Work item: Only the lines from the one containing "A compilation of" through the end of the listing belong in the answer, repeated exactly, with no pictures.

Data excerpt:
□ □ □ □ □

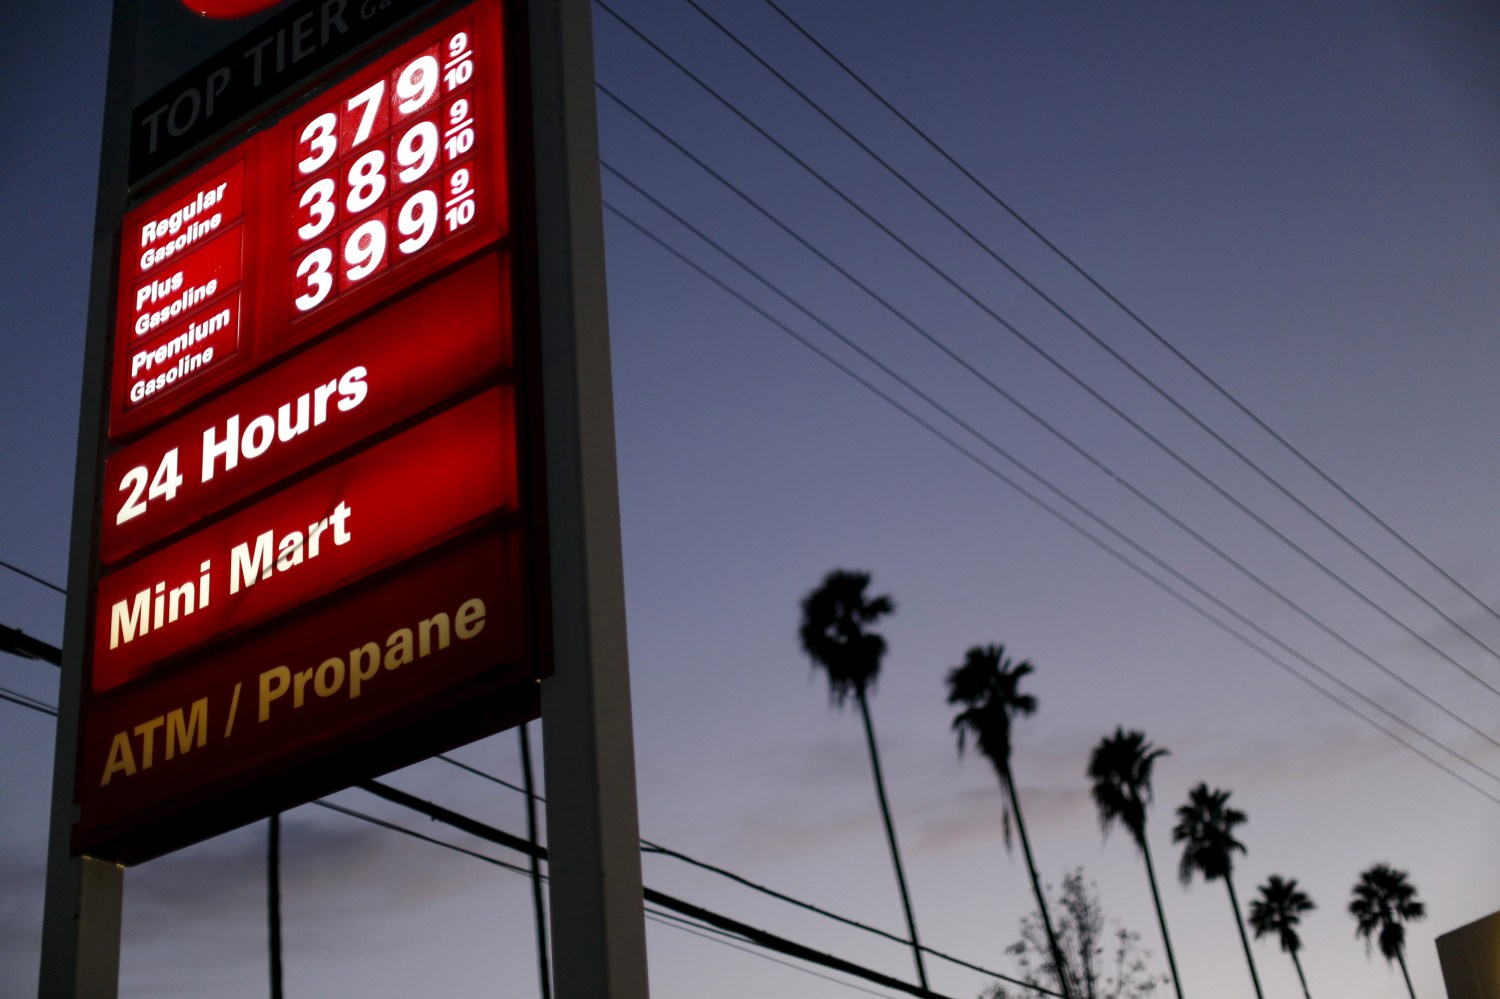 Regular unleaded petrol is seen priced at $3.79 per gallon ($1 per litre) at a 76 gas station in Los Angeles, California February 4, 2016. REUTERS/Mario Anzuoni
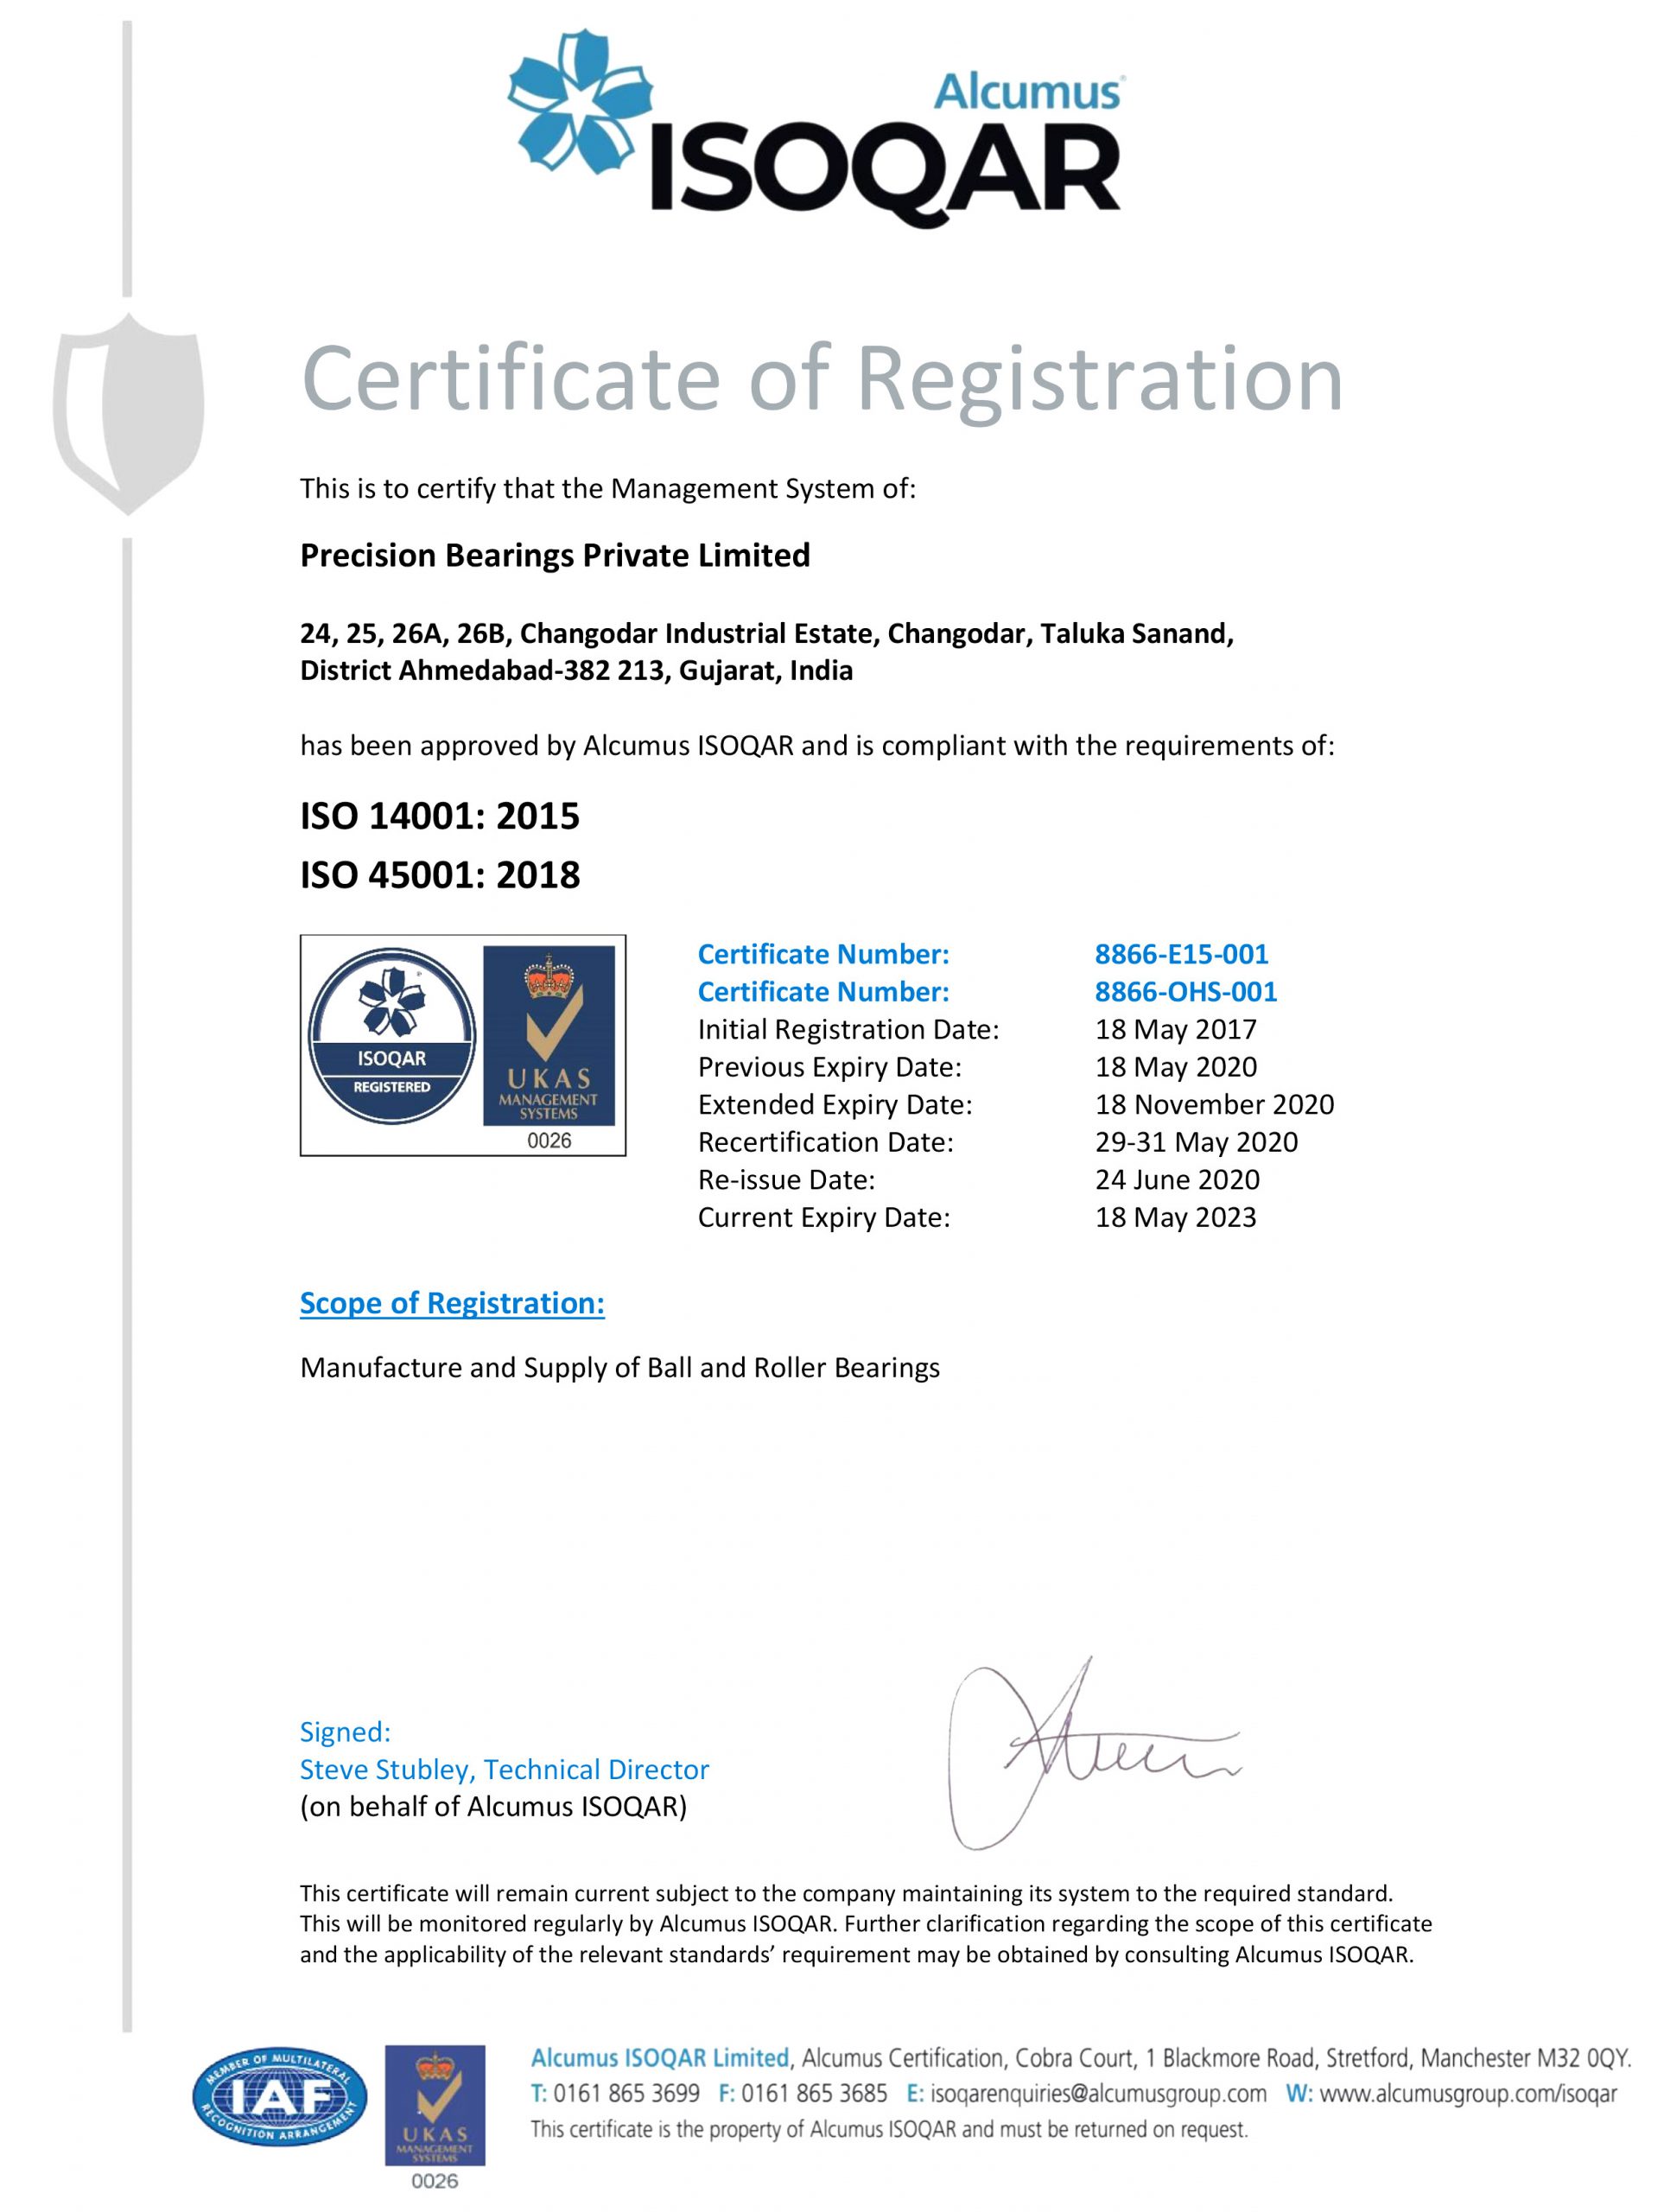 3 ISO 14001 45001 Certificate valid up to 18 MAY 2023 scaled
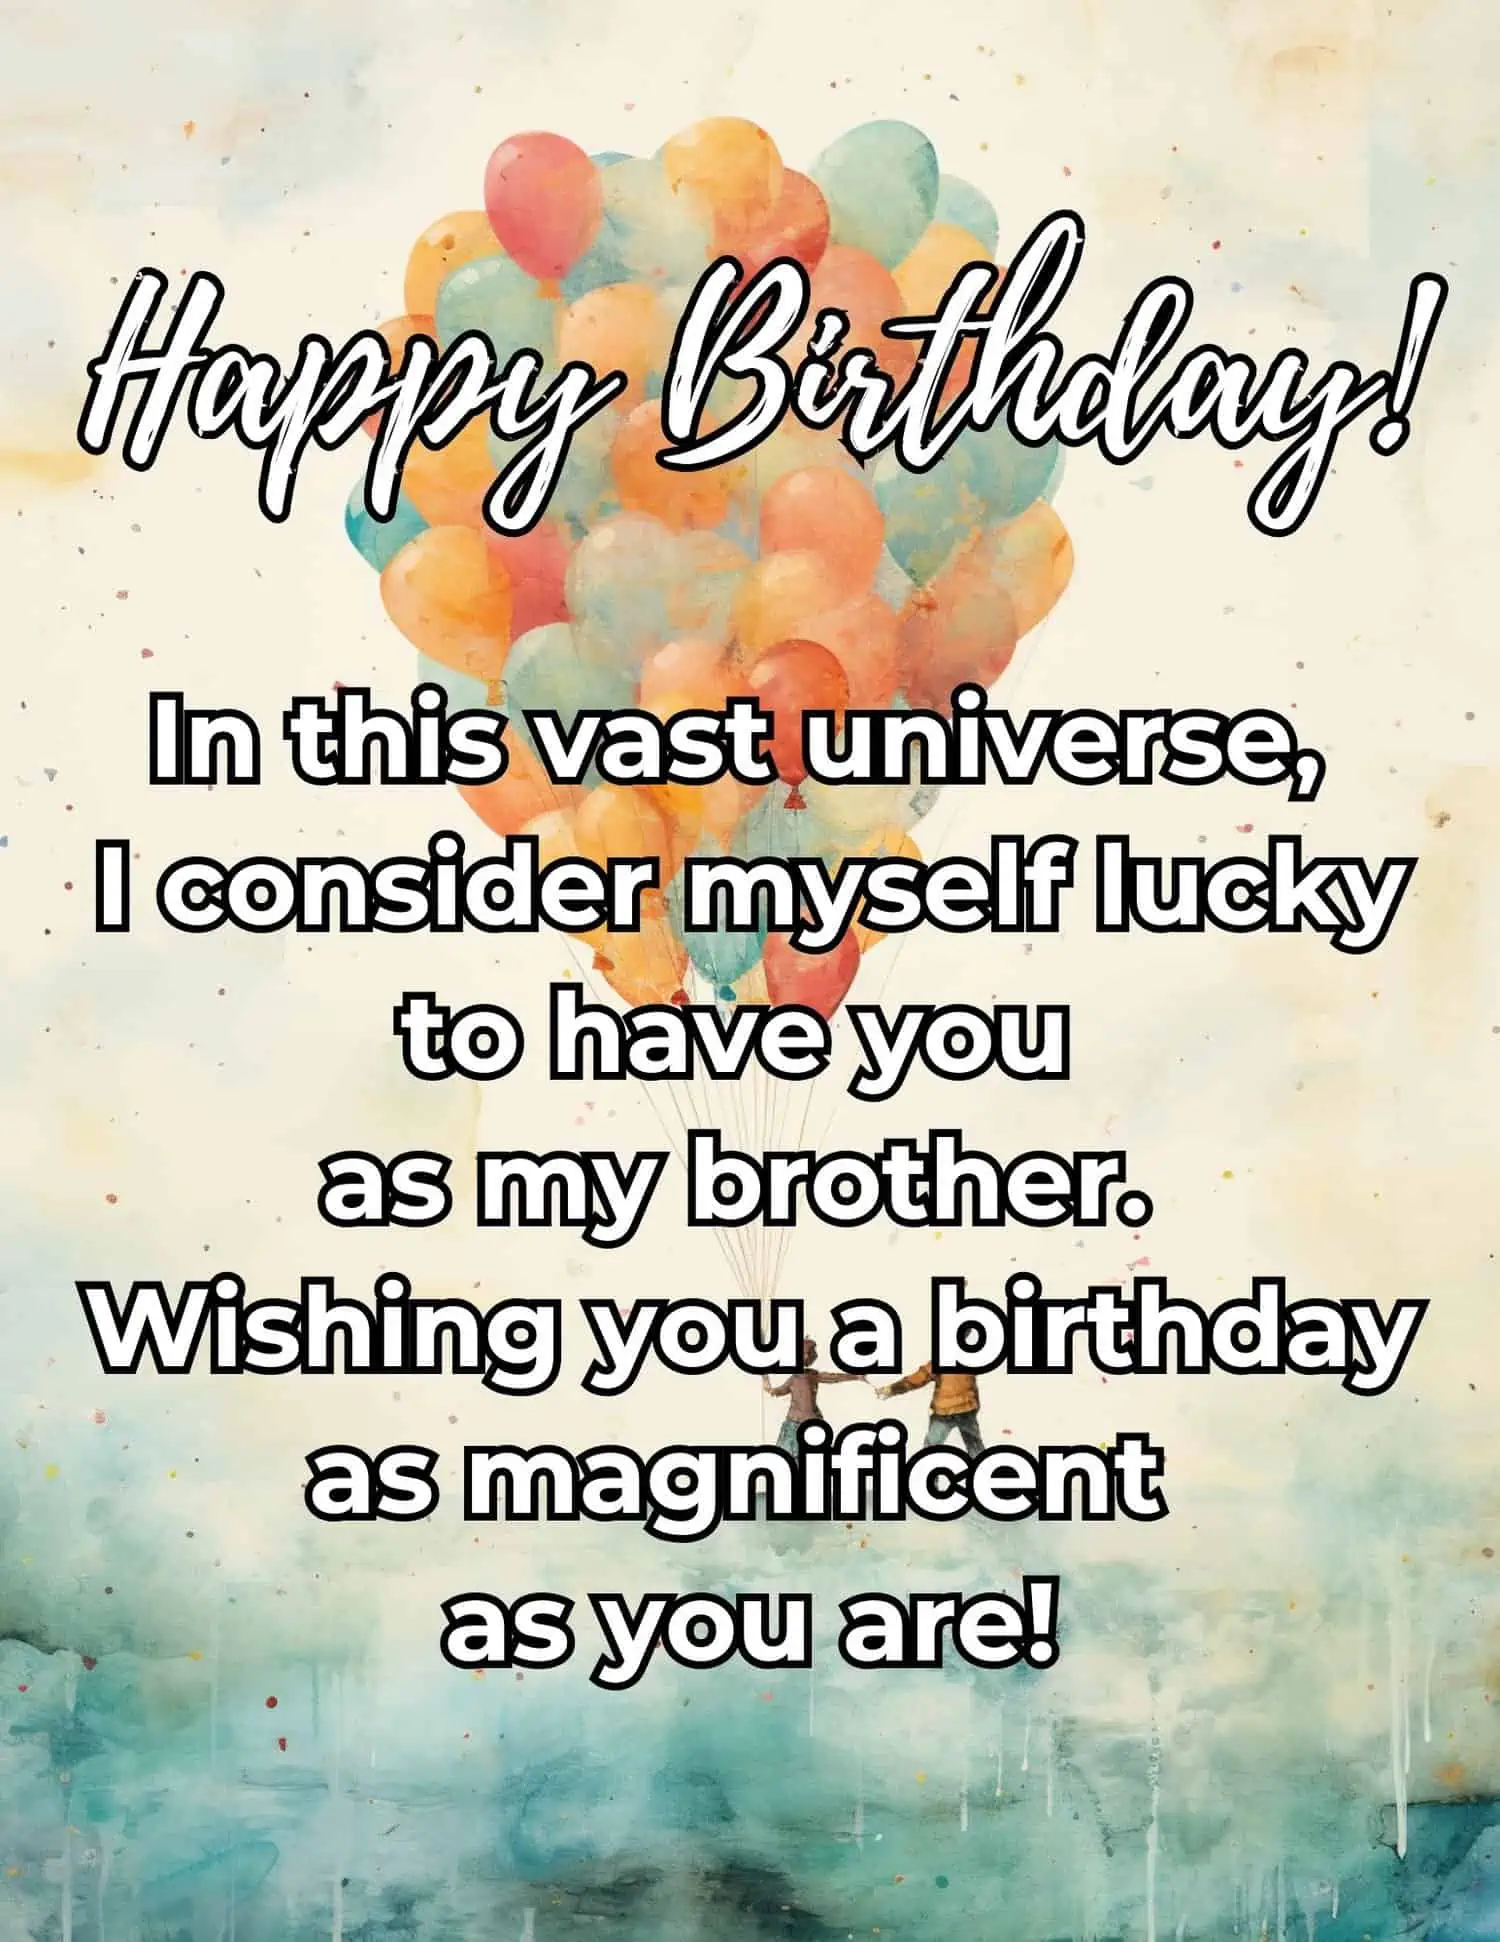 A compilation of heartfelt and detailed birthday messages dedicated to your brother.
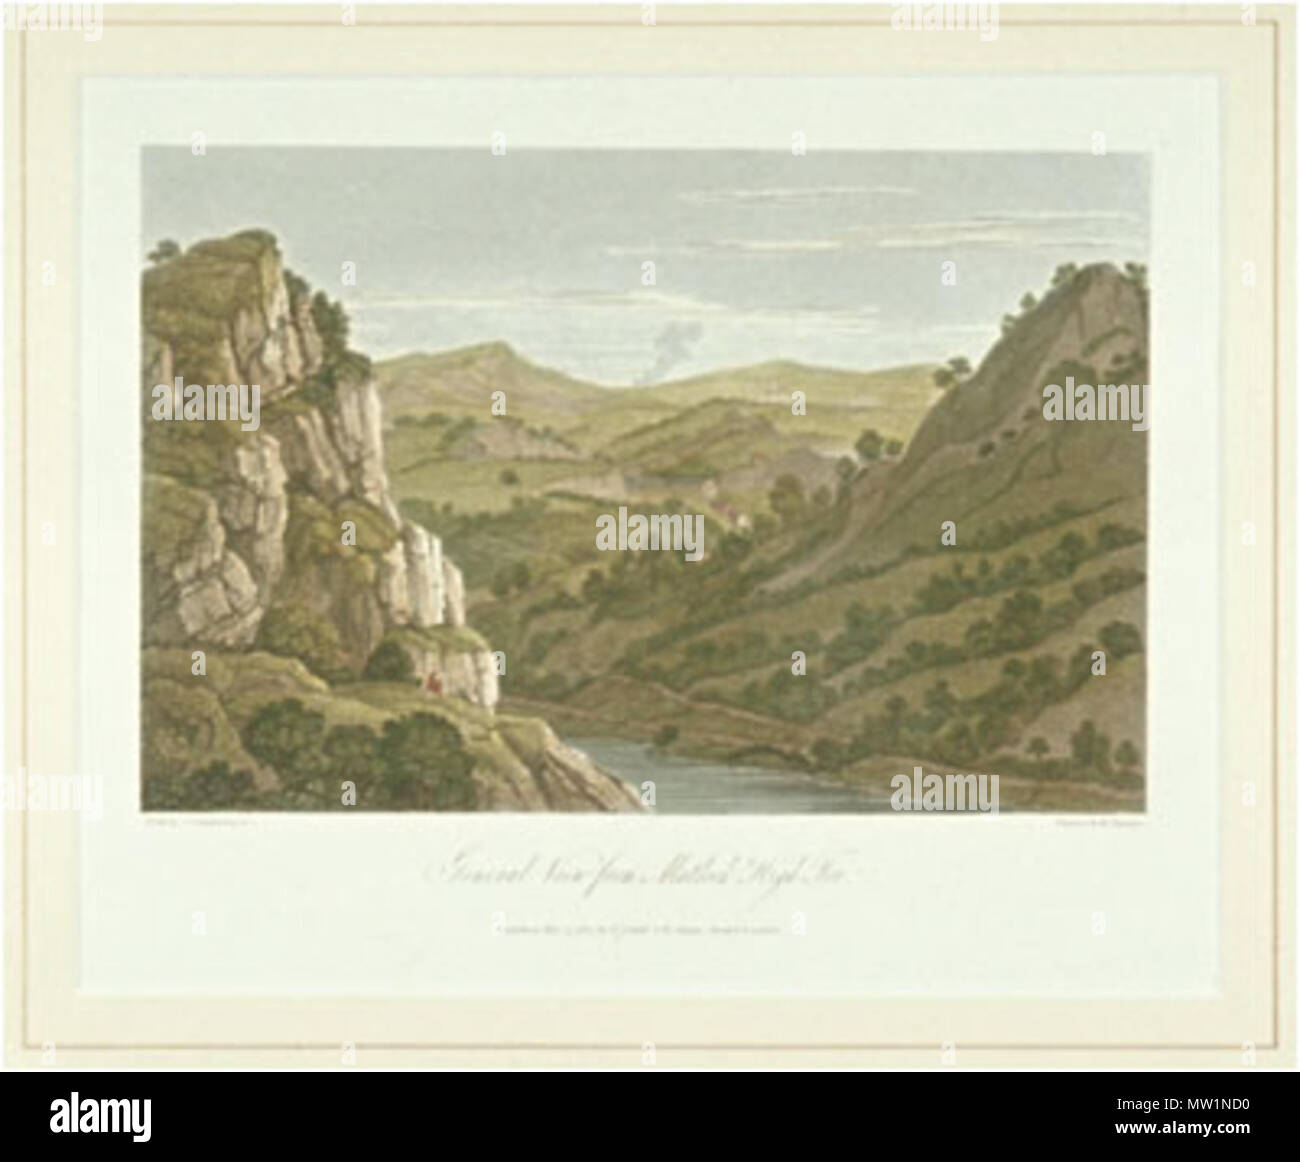 . General View from Matlock High Tor in derbyshire. Artist:Joseph FARINGTON Title:General View from Matlock High Tor Publication Title Britannia Depicta, Part VI, Derbyshire Date published 15 May 1817 Medium Coloured engraving Lettering below image: [left] Drawn by J. Farington Esq.r R.A. [right] Engraved by John & Letitia Byrne. / Matlock Church. / Published May 15, 1817, by T. Cadell & W. Davies, Strand, London Published T. Cadell & W. Davies, Strand, London, 15 May 1817 Acquisition Purchased from Sotheby's by GAC, 22 February 1977 Number 13030 . 15 May 1817. Joseph FARINGTON engraved by 631 Stock Photo

□ □ □ □ □

Task solution:
 A compilation of heartfelt and detailed birthday messages dedicated to your brother.
 . General View from Matlock High Tor in derbyshire. Artist:Joseph FARINGTON Title:General View from Matlock High Tor Publication Title Britannia Depicta, Part VI, Derbyshire Date published 15 May 1817 Medium Coloured engraving Lettering below image: [left] Drawn by J. Farington Esq.r R.A. [right] Engraved by John & Letitia Byrne. / Matlock Church. / Published May 15, 1817, by T. Cadell & W. Davies, Strand, London Published T. Cadell & W. Davies, Strand, London, 15 May 1817 Acquisition Purchased from Sotheby's by GAC, 22 February 1977 Number 13030 . 15 May 1817. Joseph FARINGTON engraved by 631 Stock Photo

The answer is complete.